- How to complete this task
Reproduce exactly the lines from the one containing "Emily Jankowski Newton: Perinatal" through the end of the listing, minus the pictures.
== Collected data
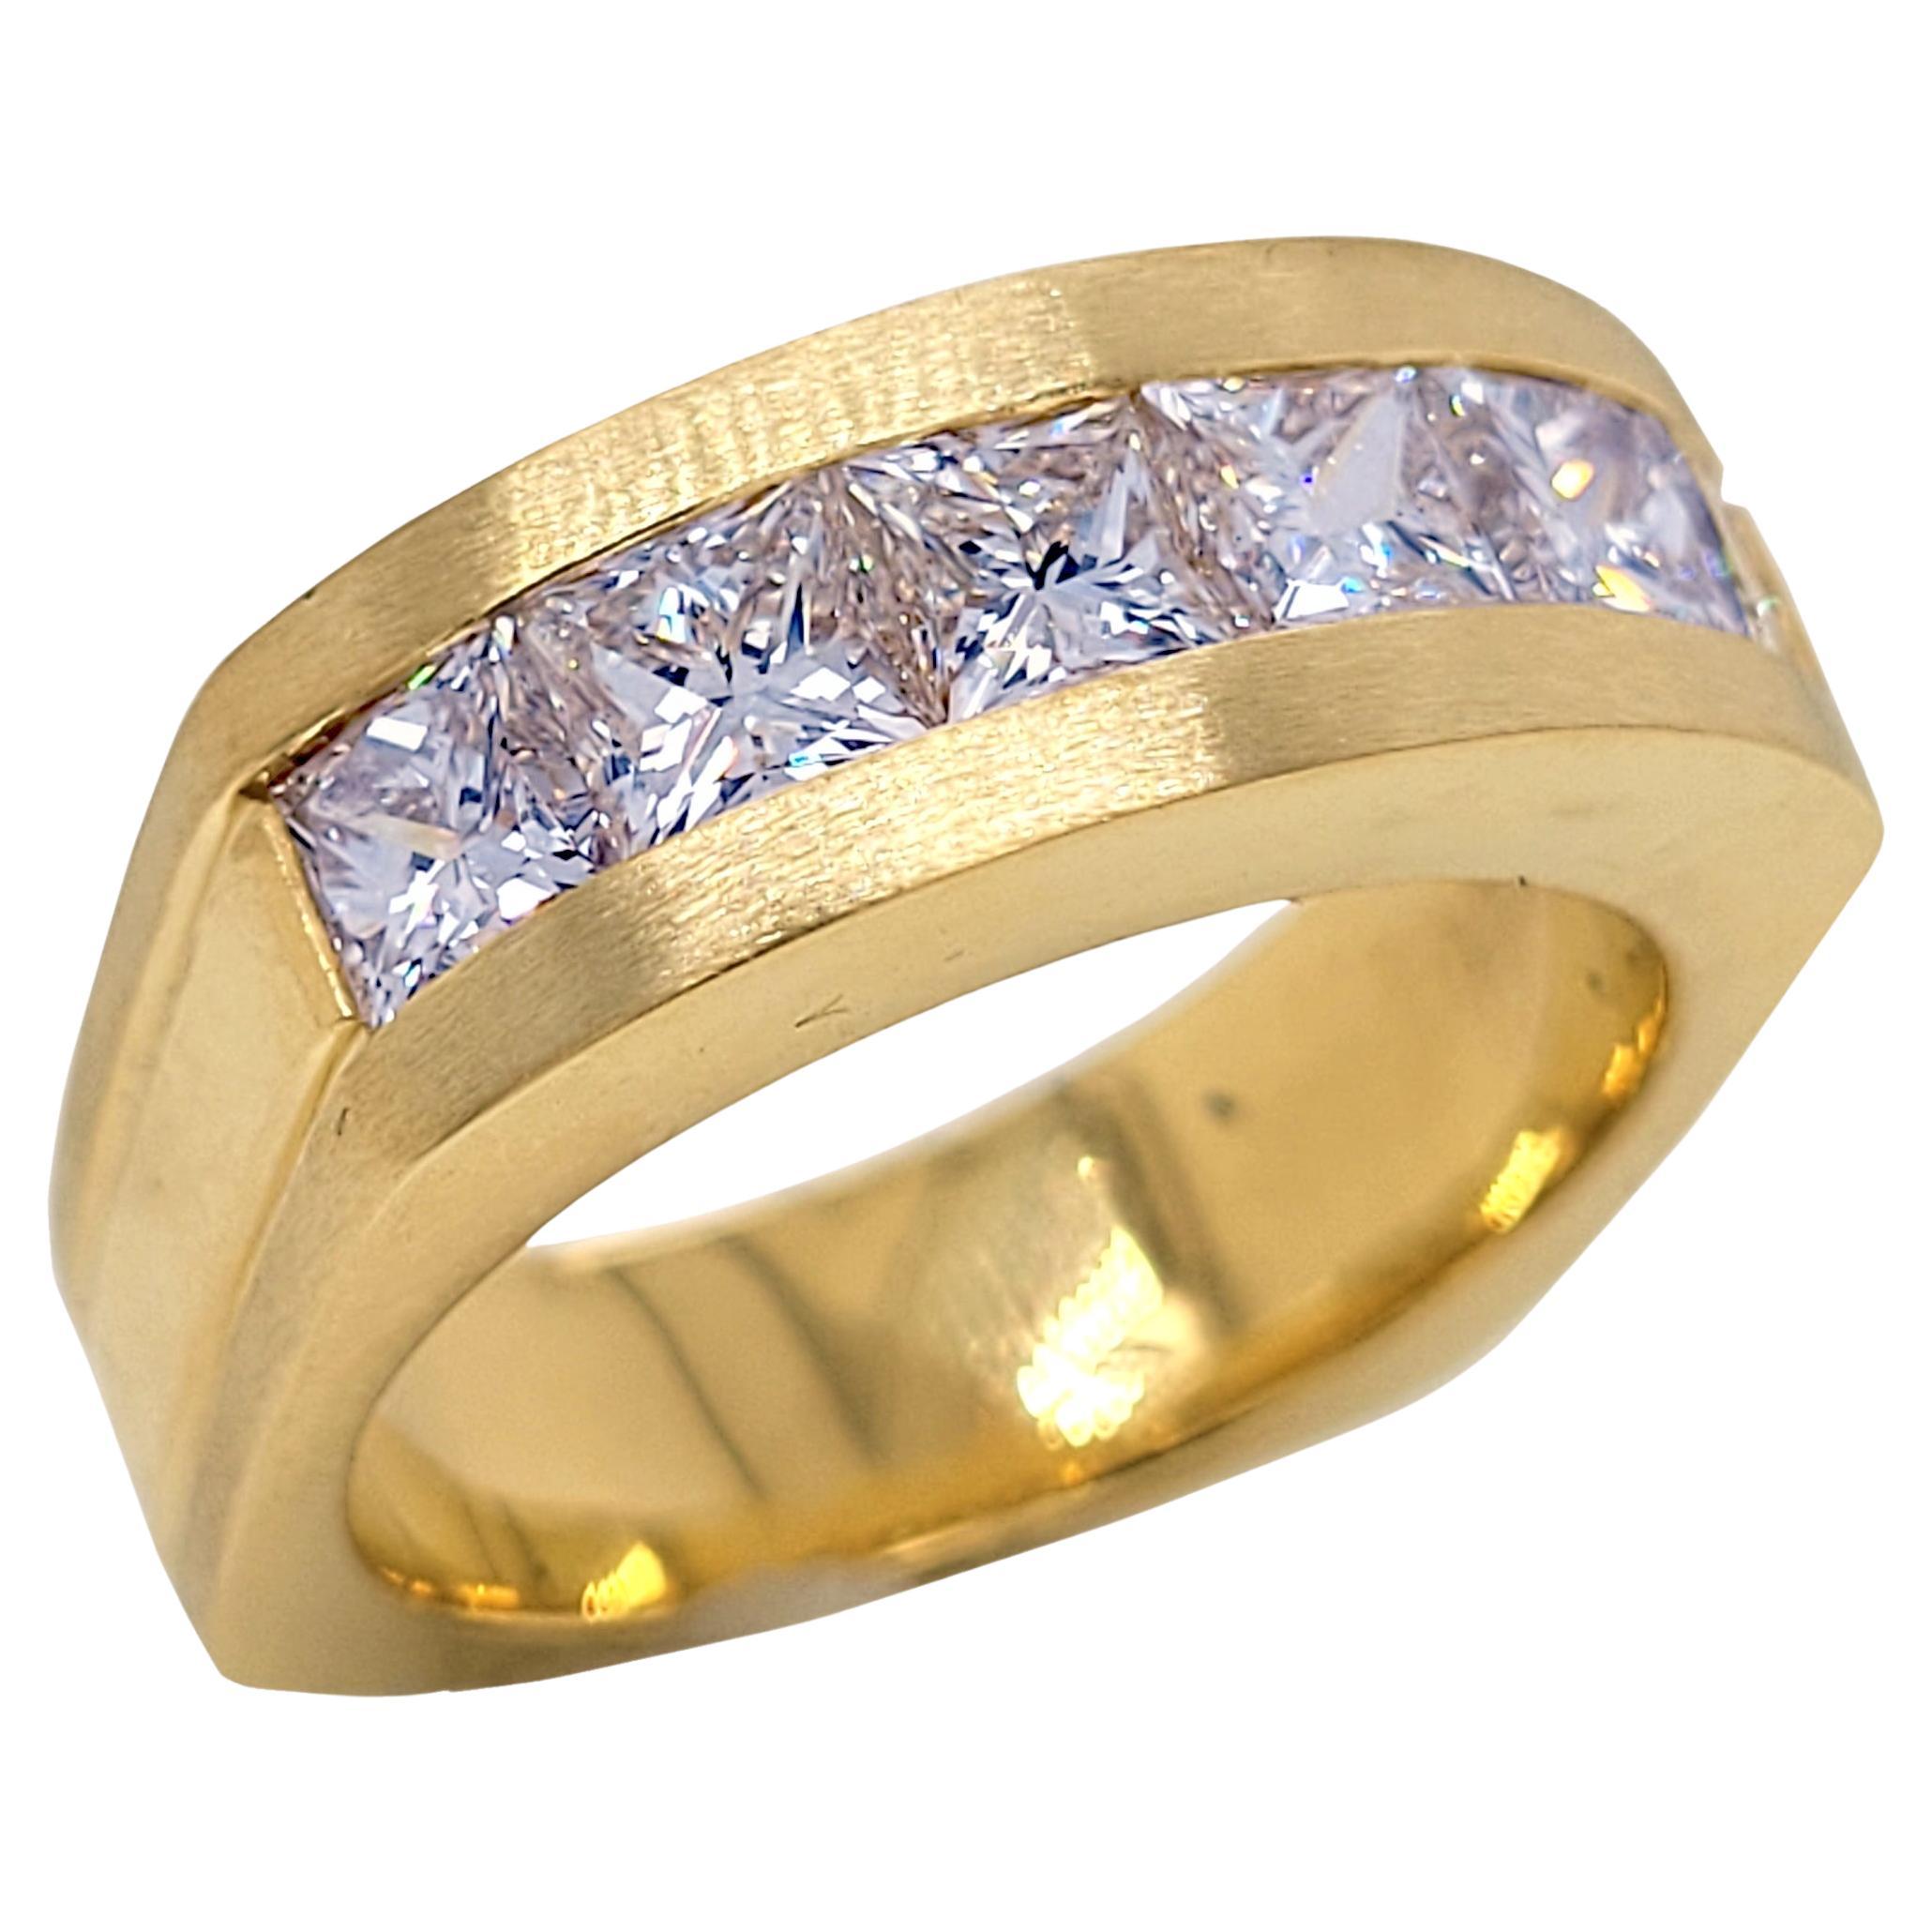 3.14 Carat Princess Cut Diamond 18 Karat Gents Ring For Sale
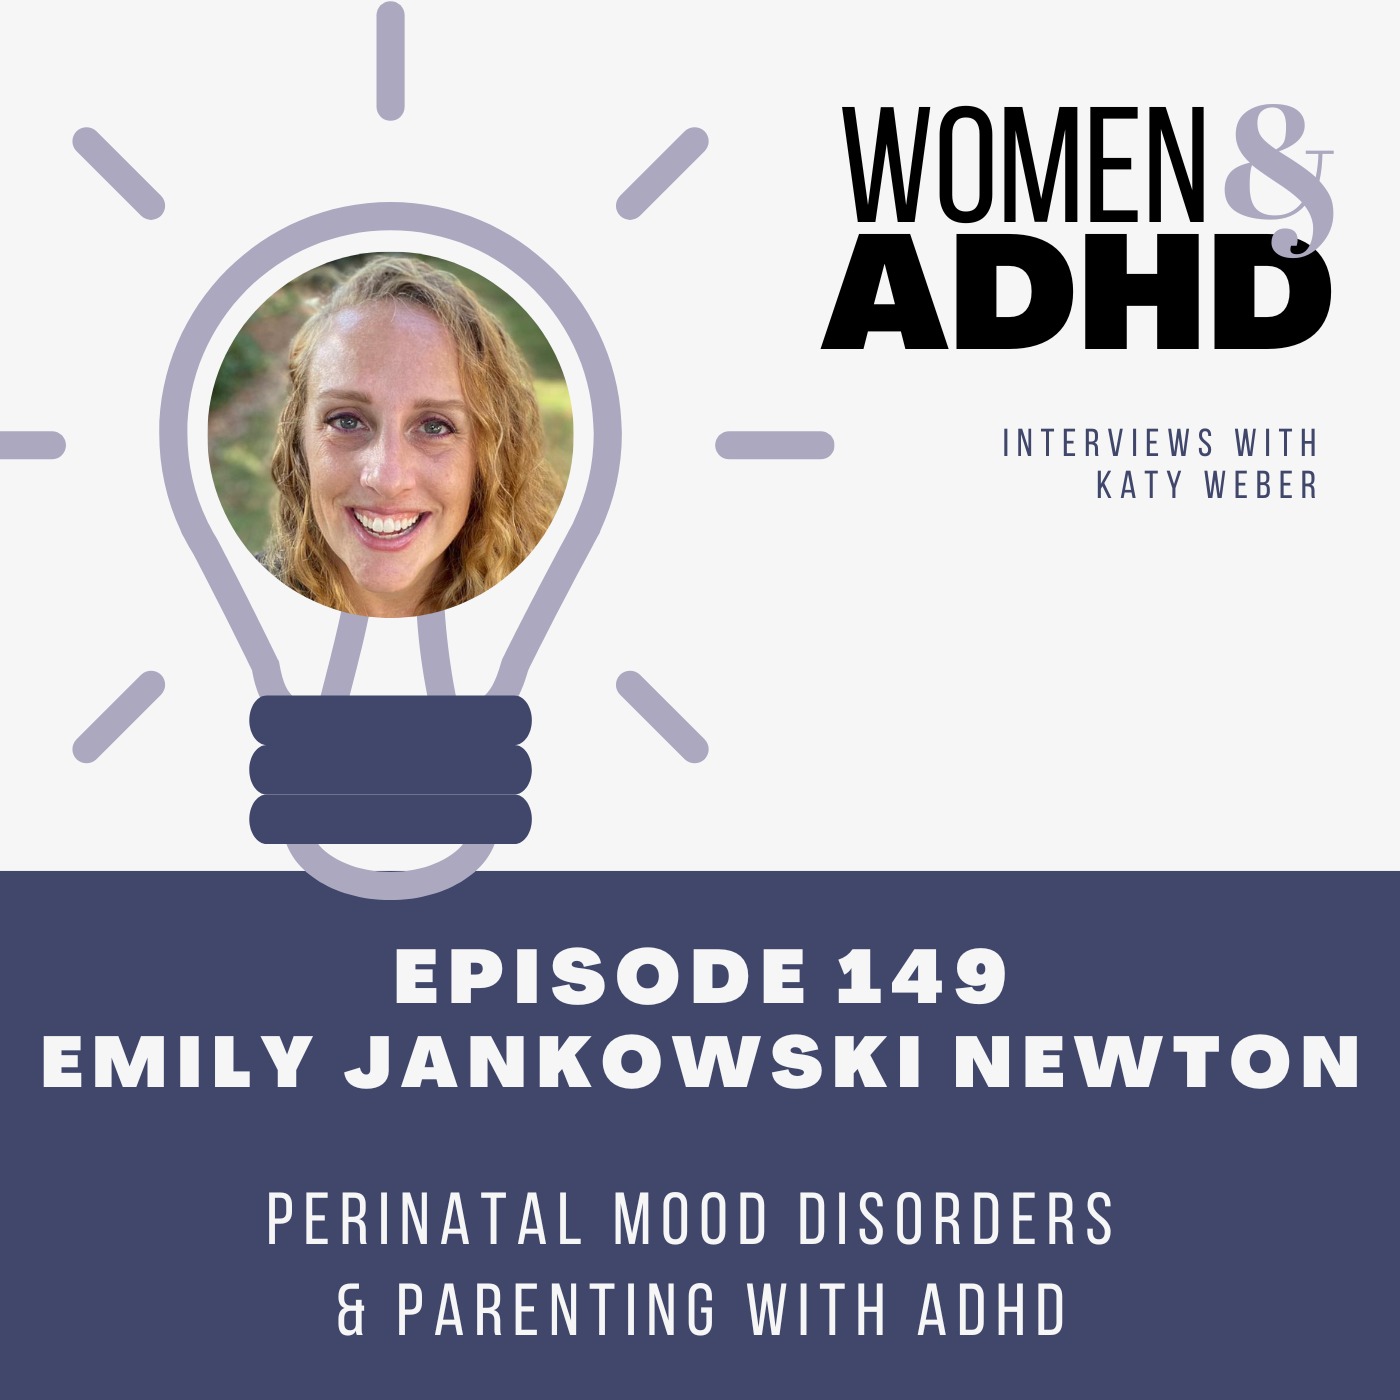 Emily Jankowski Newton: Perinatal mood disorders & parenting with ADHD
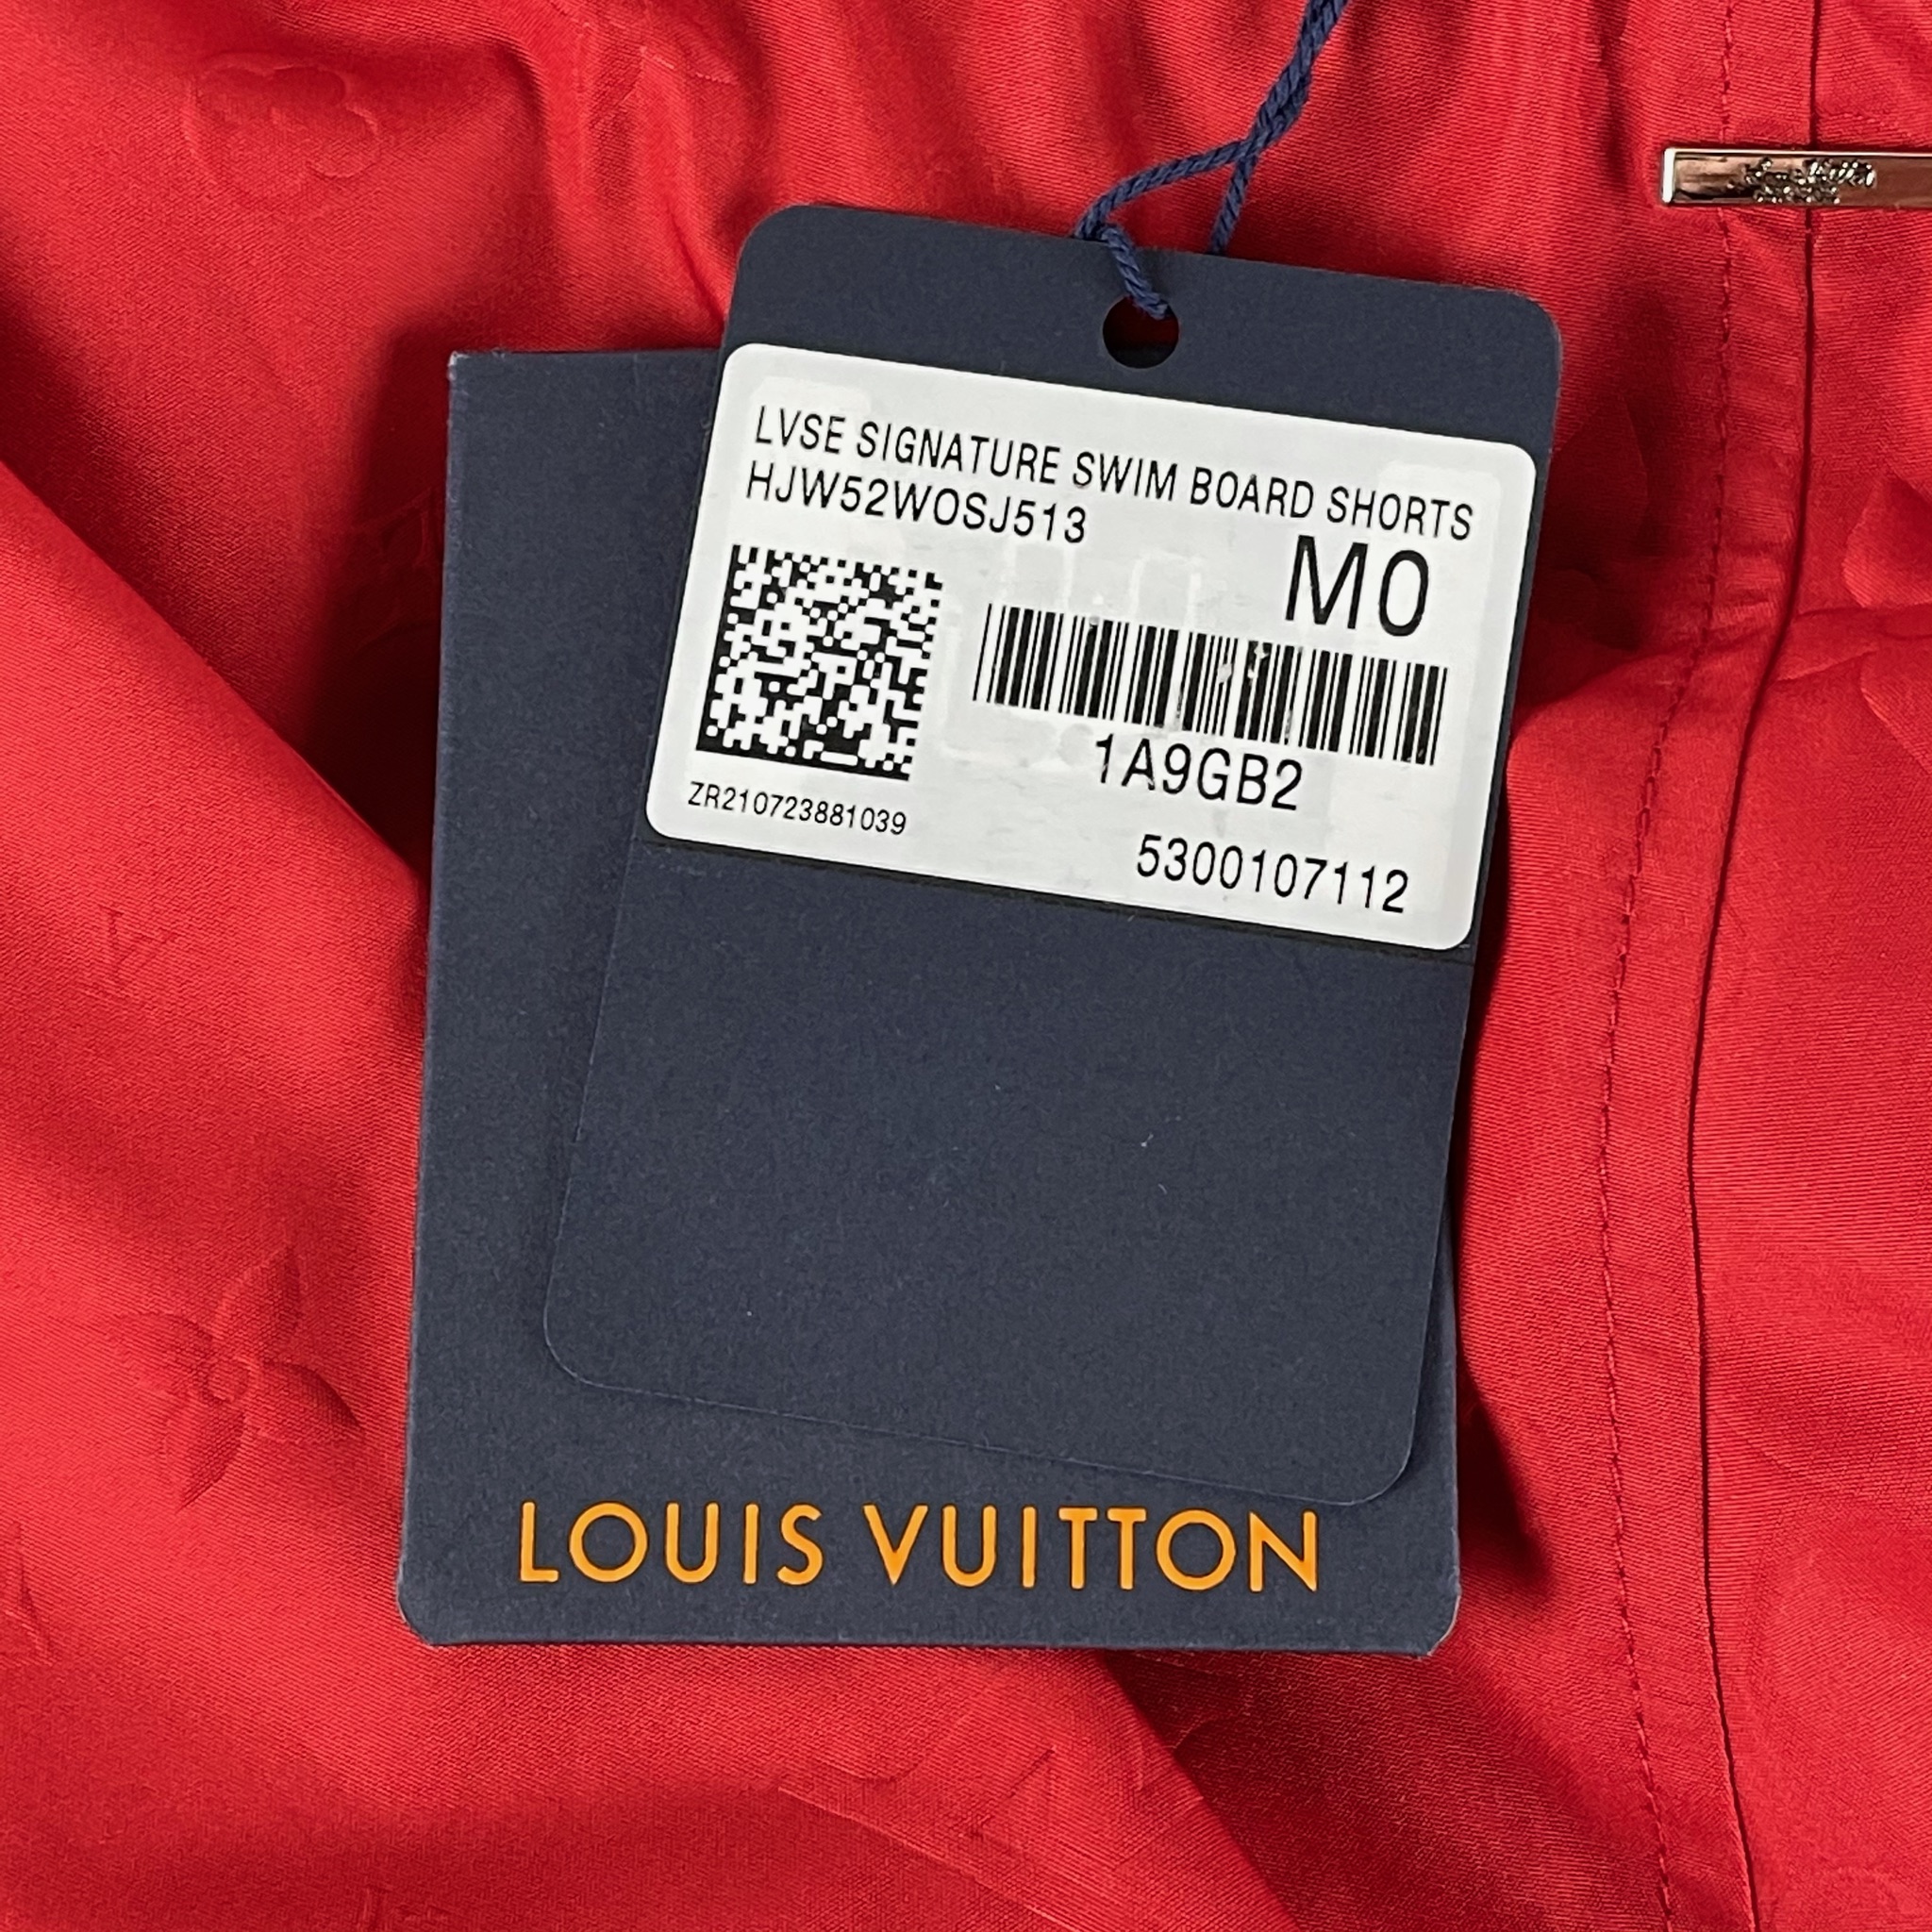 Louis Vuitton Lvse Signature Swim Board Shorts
====
- Result for this exercise
 Emily Jankowski Newton: Perinatal mood disorders & parenting with ADHD
 Louis Vuitton Lvse Signature Swim Board Shorts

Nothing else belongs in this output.